Drug development is an arduous process that costs billions of dollars and can last for years or even decades. Whether scientists are trying to understand the potential interactions of two drugs or develop new applications for an existing medication, pharmaceutical research features frequent wrong turns and dead ends.
An interdisciplinary team of researchers at the University of Waterloo are using machine learning to dramatically increase the speed of drug development. “We have a lot of existing data across a broad spectrum of medical domains, but it’s extremely complex, and often not as complete or extensive as we would like,” explains Dr. Helen Chen, professor of practice in Public Health Sciences. “It’s like a very shallow ocean.”
Professor Chen teamed up with Bing Hu, a PhD candidate in Computer Science, to build a machine learning model that can analyze and synthesize large amounts of pharmaceutical research data and predict a drug’s properties and interactions.

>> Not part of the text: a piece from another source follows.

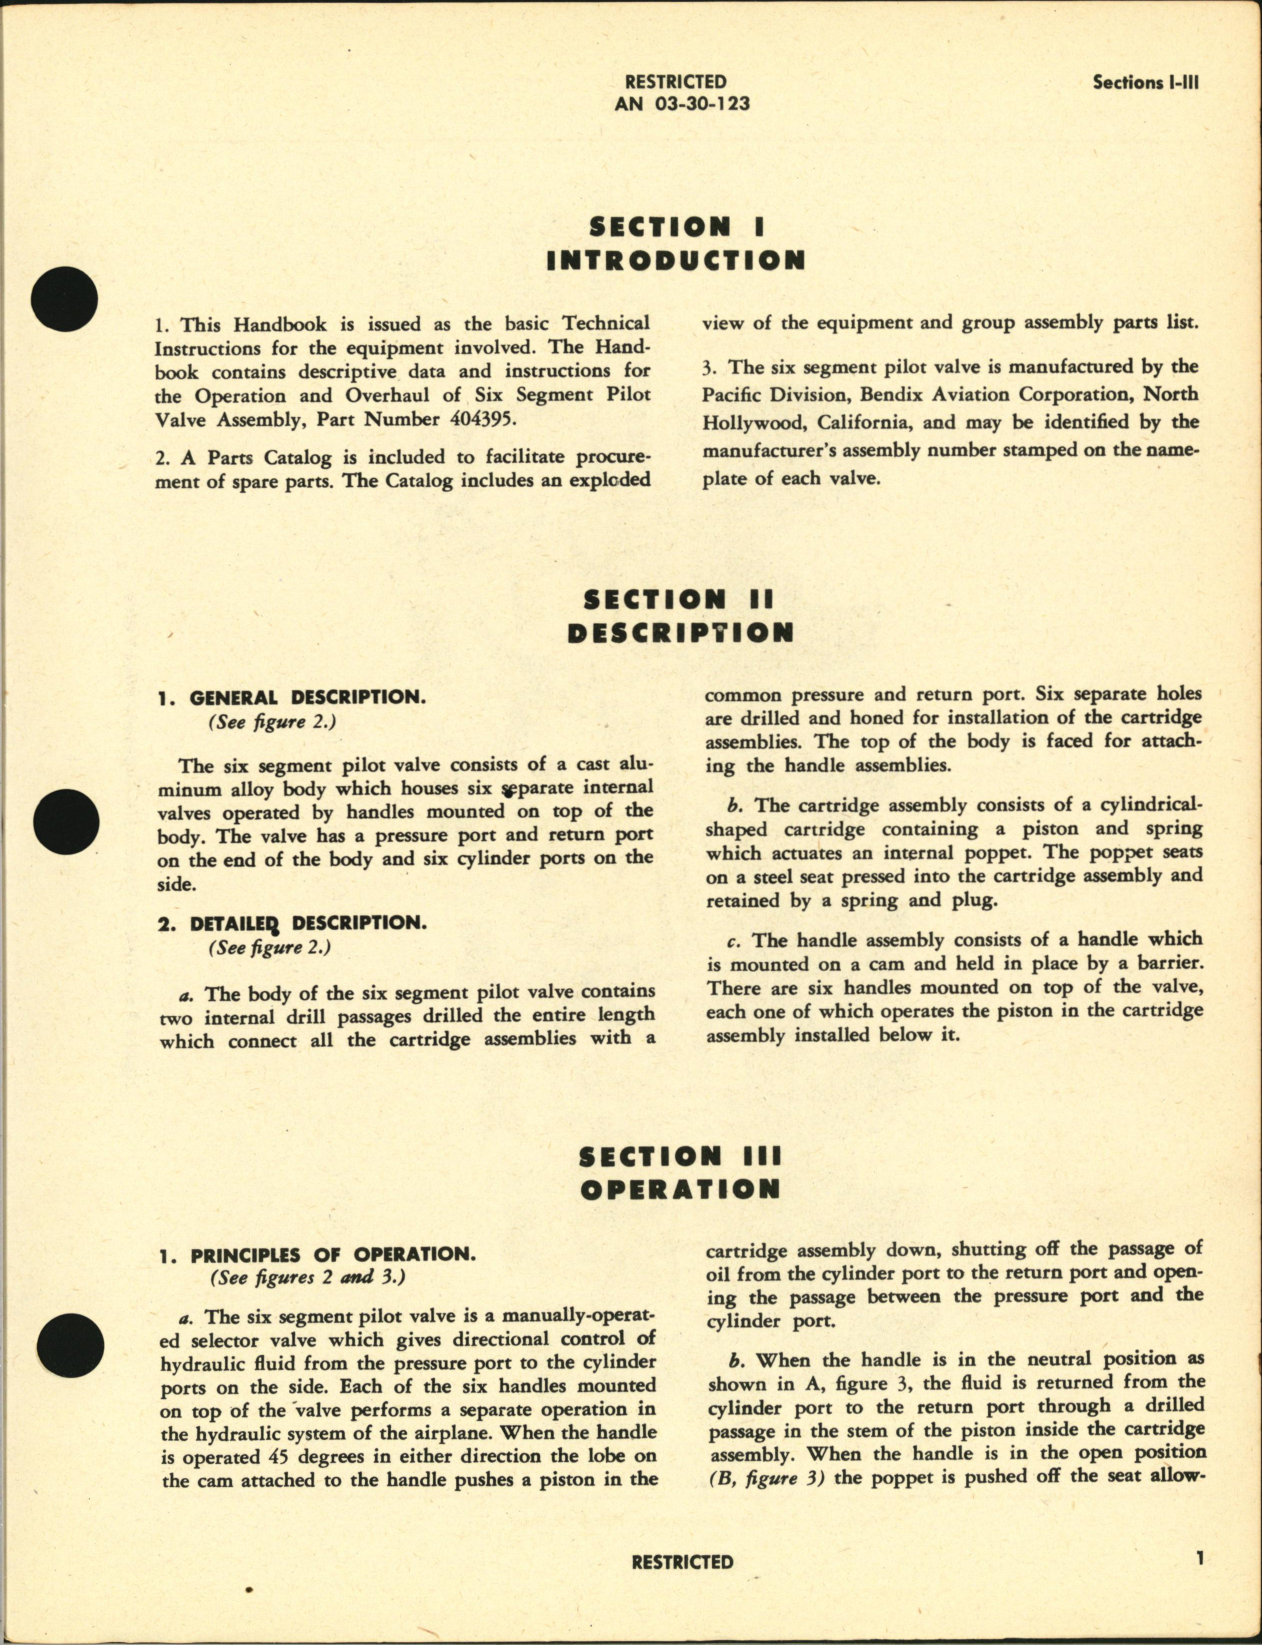 Sample page 5 from AirCorps Library document: Handbook of Overhaul Instructions with Parts Catalog for Six Segment Pilot Valve 404395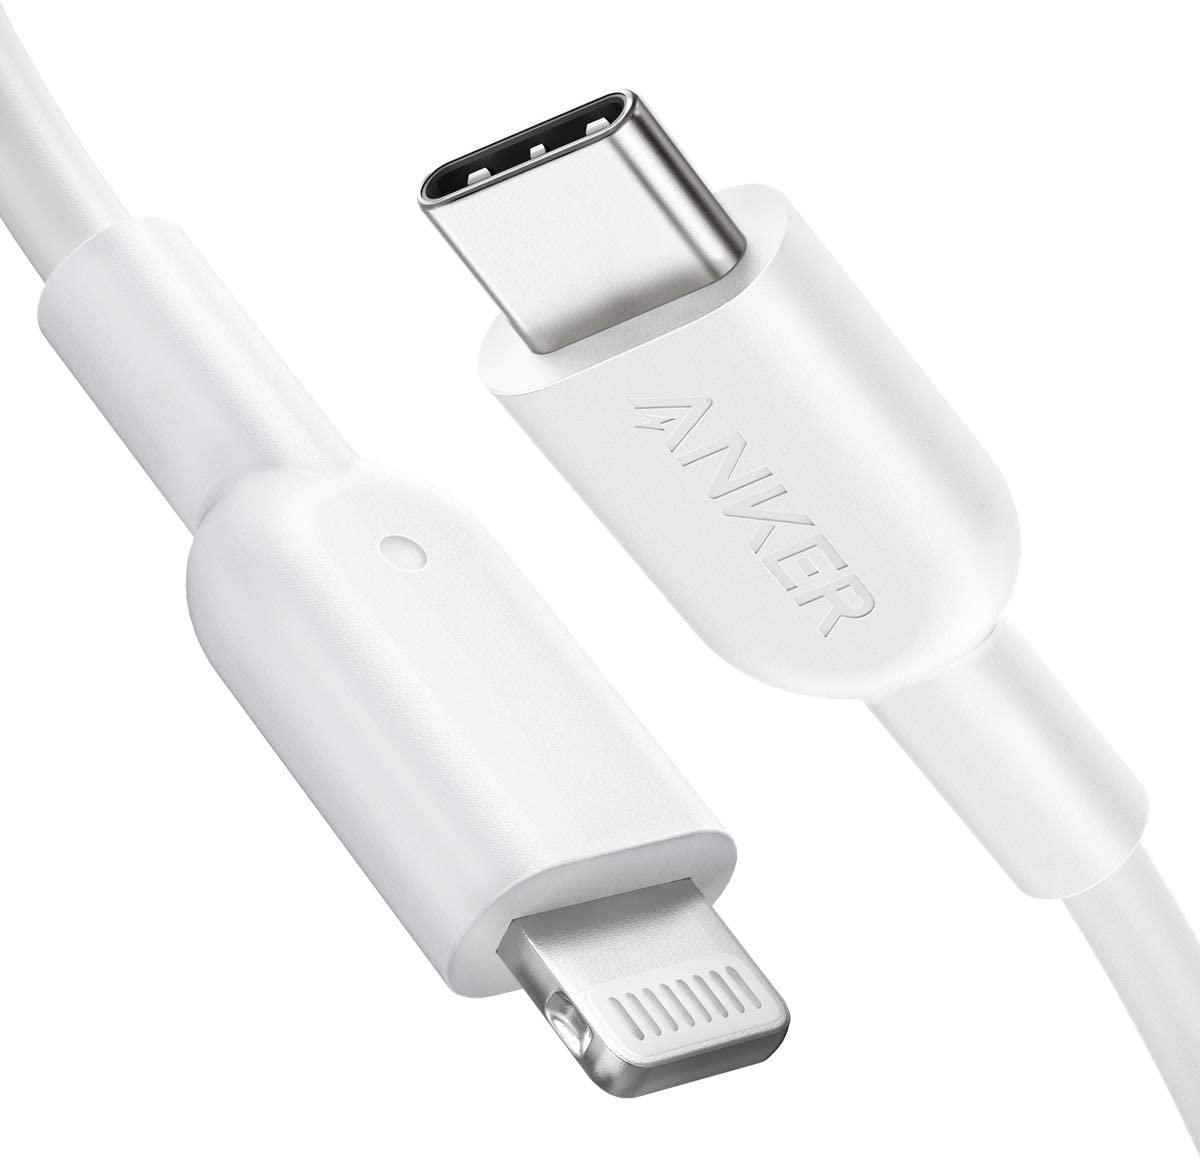 Anker Apple iPhone 12 USB-C to Lightning MFI Charging Cable for $9.99

Left to right: Professor Helen Chen of the School of Public Health Sciences, cross-appointed to the Cheriton School of Computer Science, and Computer Science PhD candidate Bing Hu
Bing Hu’s research focuses on applying artificial intelligence to drug discovery and use of synthetic data. His work applies generative AI diffusion models to solve the challenge of data overlap sparsity to accelerate drug discovery research by generating high-quality synthetic data.